Марчуков носил книжки и тетради в новеньком ранце. Марчуков носил рубашку, у которой вместо пуговиц — «молния». Недаром же Марчуков был сыном директора леспромхоза и приехал из Омска в прошлом году на «Волге». Вот только учился неважно, и это ему не прощалось, потому что он был из большого города.

Юра глядел в окно и жалел, что так быстро проходит урок и до встречи с завучем остались считанные минуты.

Марчуков никак не мог решить пример.

— Юра, какой будет ответ? — спросил учитель.

— 97, — ответил Юра, и в это время прозвенел звонок.

Юра постоял в классе и, считая себя самым несчастливым человеком в мире, побрёл к завучу.

— Можно? — спросил Юра, отворяя дверь в кабинет.

В кабинете завуча не было, а на стуле у окна сидела мать. Вот уж чего Юра не ожидал.

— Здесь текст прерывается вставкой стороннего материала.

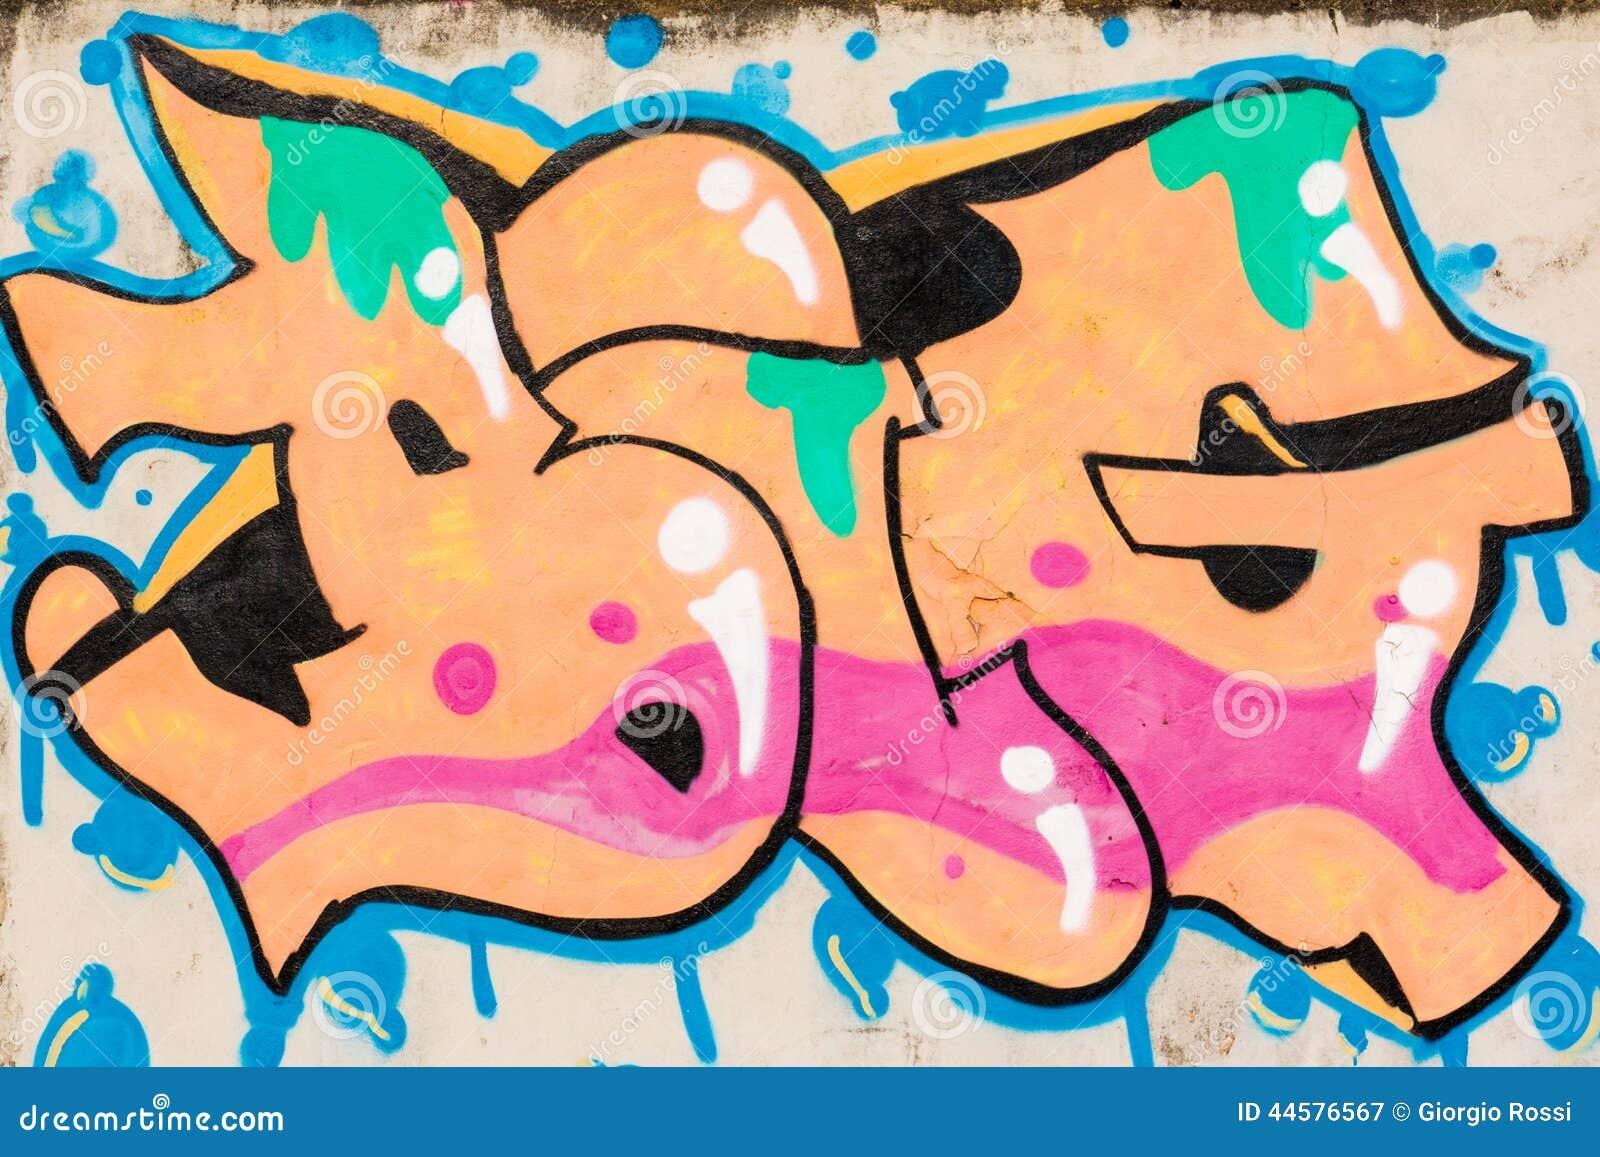 Graffiti der orange, rosa, grünen und blauen beschaffenheit gross ...

Лучше бы его наказали как угодно, но только не вызывали мать в школу. Оттого что в кабинете сидела мать, Юре стало стыдно вдвойне, и он согласен был провалиться сквозь землю, если бы наступил такой счастливый момент.

«Нет, — думал Юра, — лучше умереть, чем испытать такое унижение». Умирают же люди, проглатывая яд, или, читал он в одной книжке, чтобы не сдаваться коварному врагу и не испытывать муки совести, отважные люди забираются на самую высокую в мире скалу и, мысленно простившись с родными, прыгают в тёмную, бездонную пропасть. И красиво там умирают. Эх, как бы хорошо умереть сейчас же! Ведь ничего такого не сделал, а Соню ударил Санька. Ведь он ремень у Саньки отобрал, когда тот ударил, а Соня увидела ремень в его руках и наябедничала. Он к ней так хорошо относился, а она на него наговорила. Нет, хорошо бы умереть. Лежишь себе преспокойненько в гробу и будто совсем мёртвый, а все жалеют тебя, плачут, говорят: «А всё-таки Юра Бородин был хороший мальчик». А Фома пожалел бы о том, что не сознался в своём проступке. Единственное, пожалуй, что спасало Юру, — это то, что мать не плакала, а сурово глядела на него. Иначе он не смог бы пережить такое унижение.

— Как у тебя глаза от стыда не повылазят! — сказала мать тихо, но твёрдо, и Юра понял: матери, наверно, было даже стыднее, чем ему, потому что она взрослая, но всё-таки хорошо, что мать пригрозила ему, значит, ничего такого не произойдёт.

— А чего я такое сделал?

— Знаю я чего! Ты мать живой в могилу вгонишь! Работаешь, как окаянная, с утра до вечера, чтоб он учился, стал человеком, и вот на́ — какая благодарность! Свиней хочешь пасти? Будешь, от тебя такое добро никогда не уйдёт! Или быкам хвосты крутить? А я-то для вас стараюсь, ну не стыдно ли! Наде с таким трудом всё даётся, а ему, почитай, и учить не надо, а только в книжку загляни, а он вон вытворяет!

В это время вошёл директор, поздоровался, торопливо взглянул на Юру.

— Так что же? — спросил он мать. — Ах да, мне завуч Марья Федосеевна напоминала. Так что, Юра Бородин, — обратился он к Юре, — будем извиняться? Так? Будем извиняться?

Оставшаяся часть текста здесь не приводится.